**Work instruction:** Write out again, word for word, the lines below from the line that holds "Honda CB1000R - Averys Motorcycles" through the line that holds "Купюра марка. Немецкая", omitting pictures.

**Provided information:**
·····

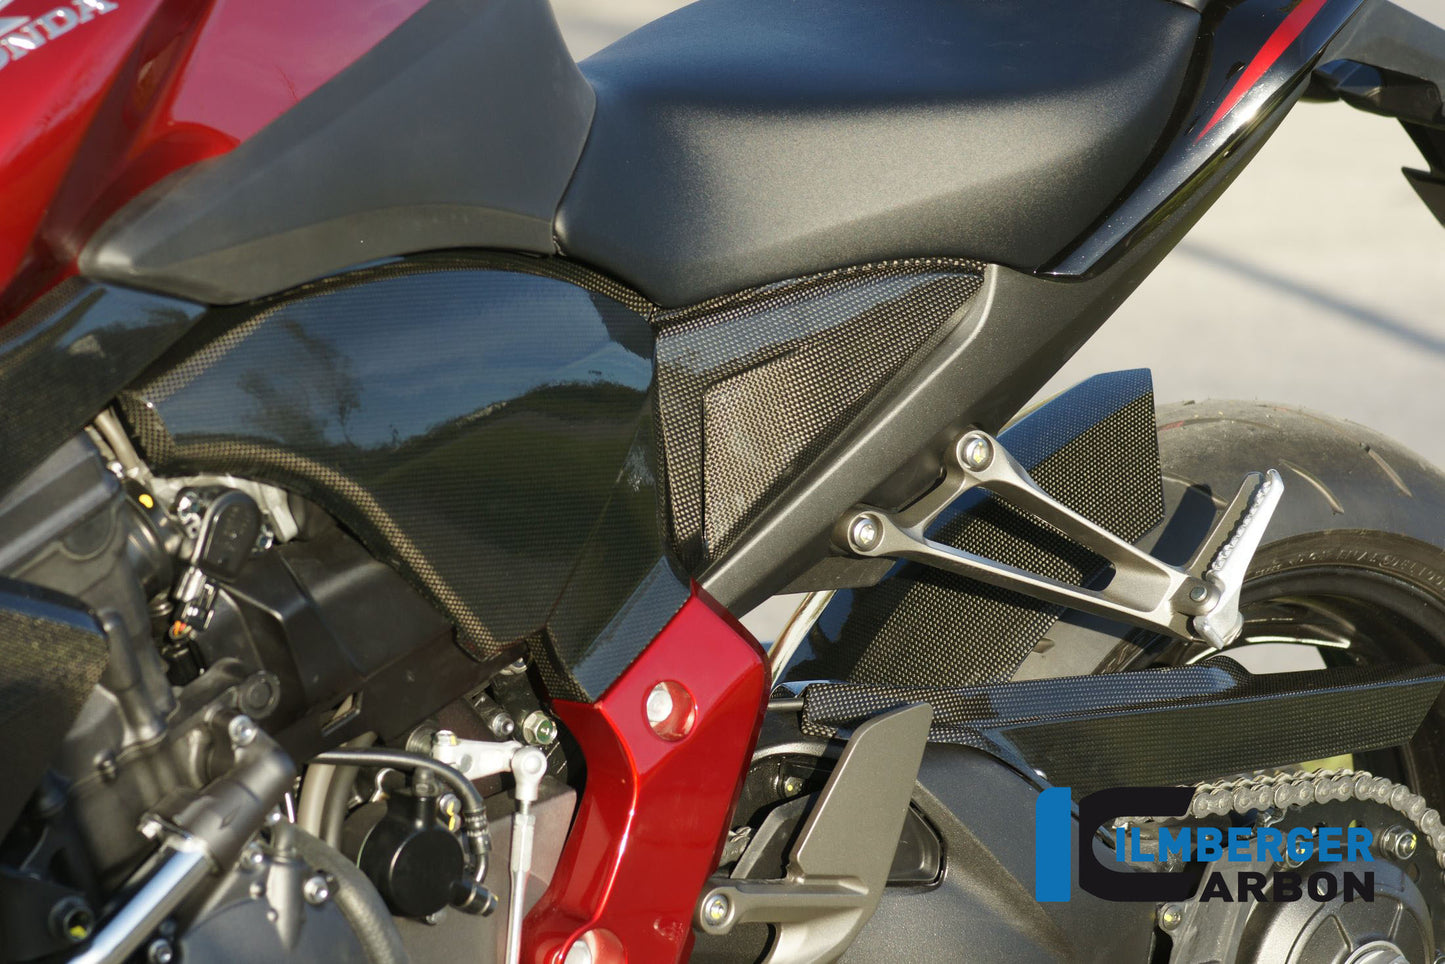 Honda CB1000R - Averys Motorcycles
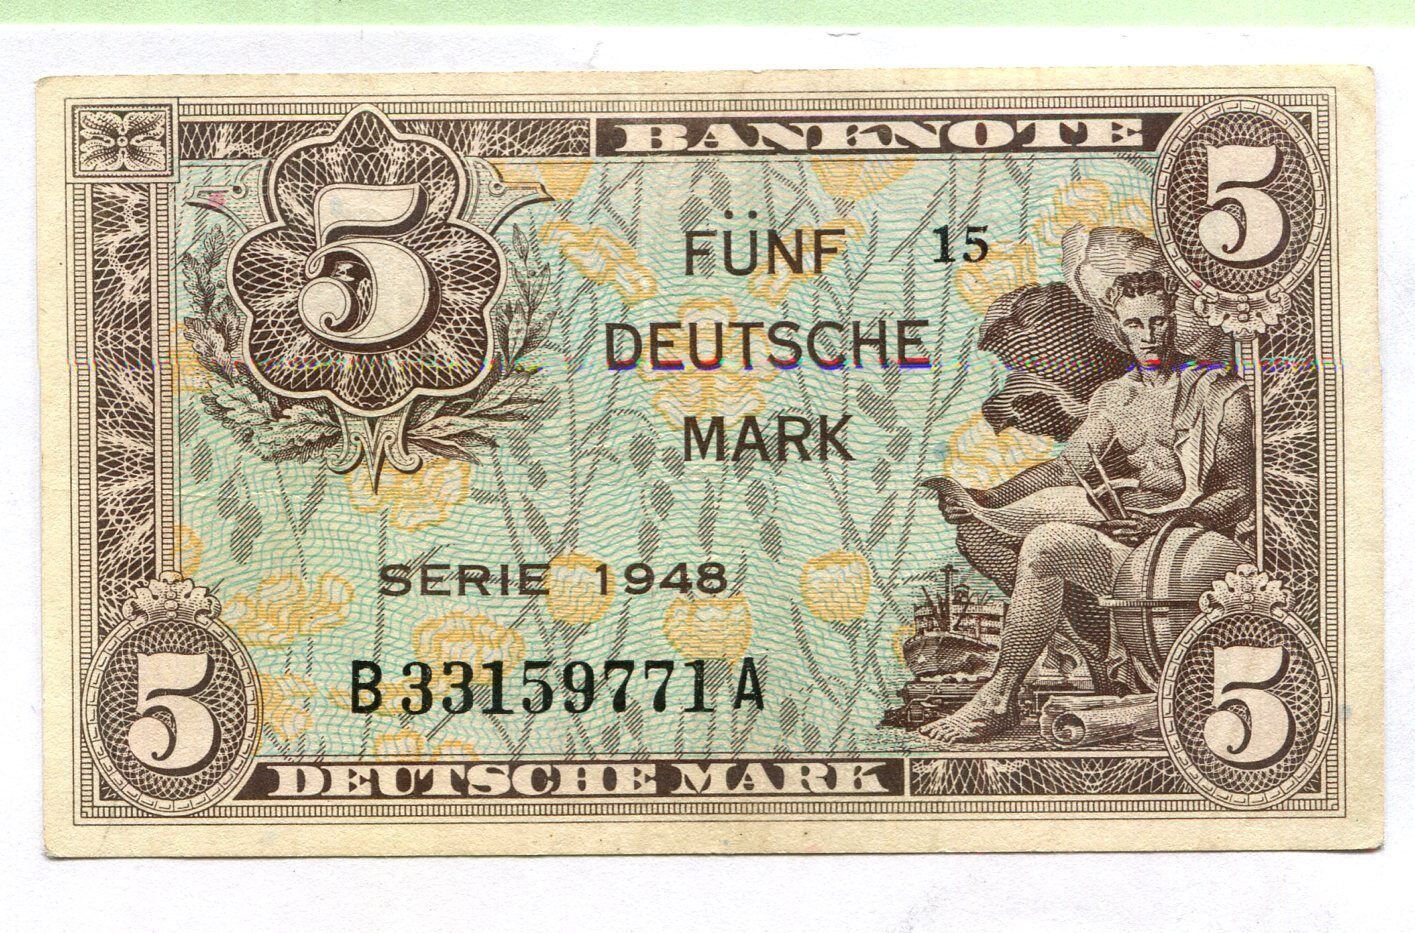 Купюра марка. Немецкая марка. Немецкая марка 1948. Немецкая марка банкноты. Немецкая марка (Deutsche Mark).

·····

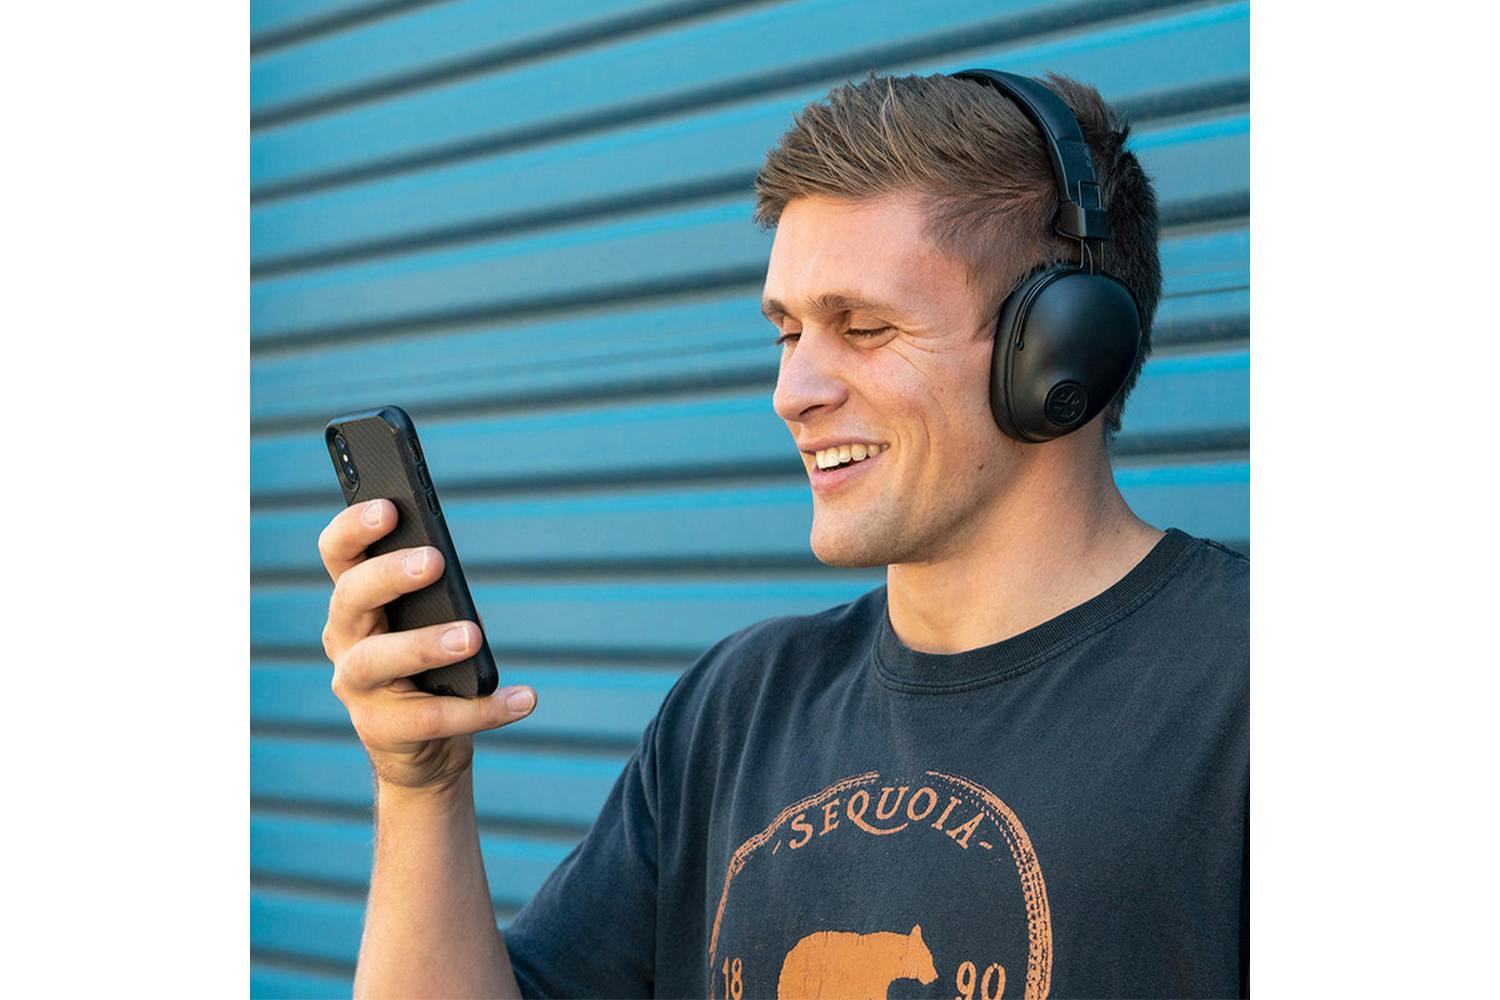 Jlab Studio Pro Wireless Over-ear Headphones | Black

·····

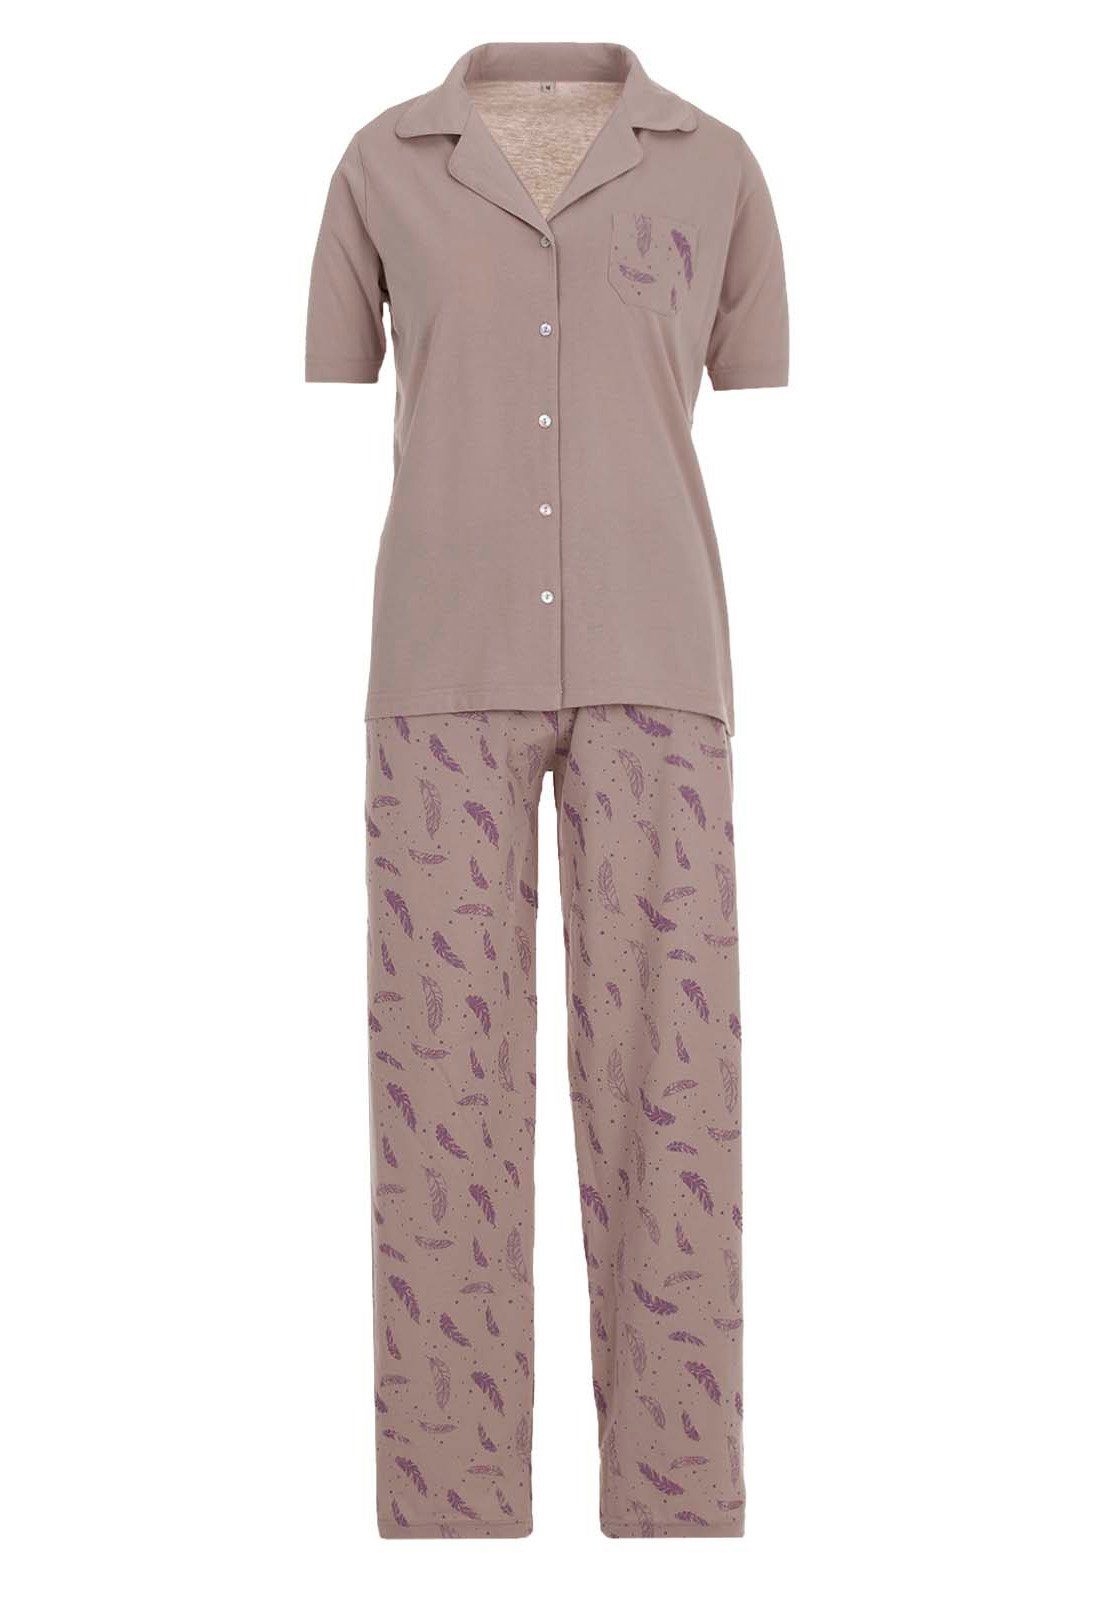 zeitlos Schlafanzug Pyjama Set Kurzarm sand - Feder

·····

**Answer to this task:**
 Honda CB1000R - Averys Motorcycles
 Купюра марка. Немецкая марка. Немецкая марка 1948. Немецкая марка банкноты. Немецкая марка (Deutsche Mark).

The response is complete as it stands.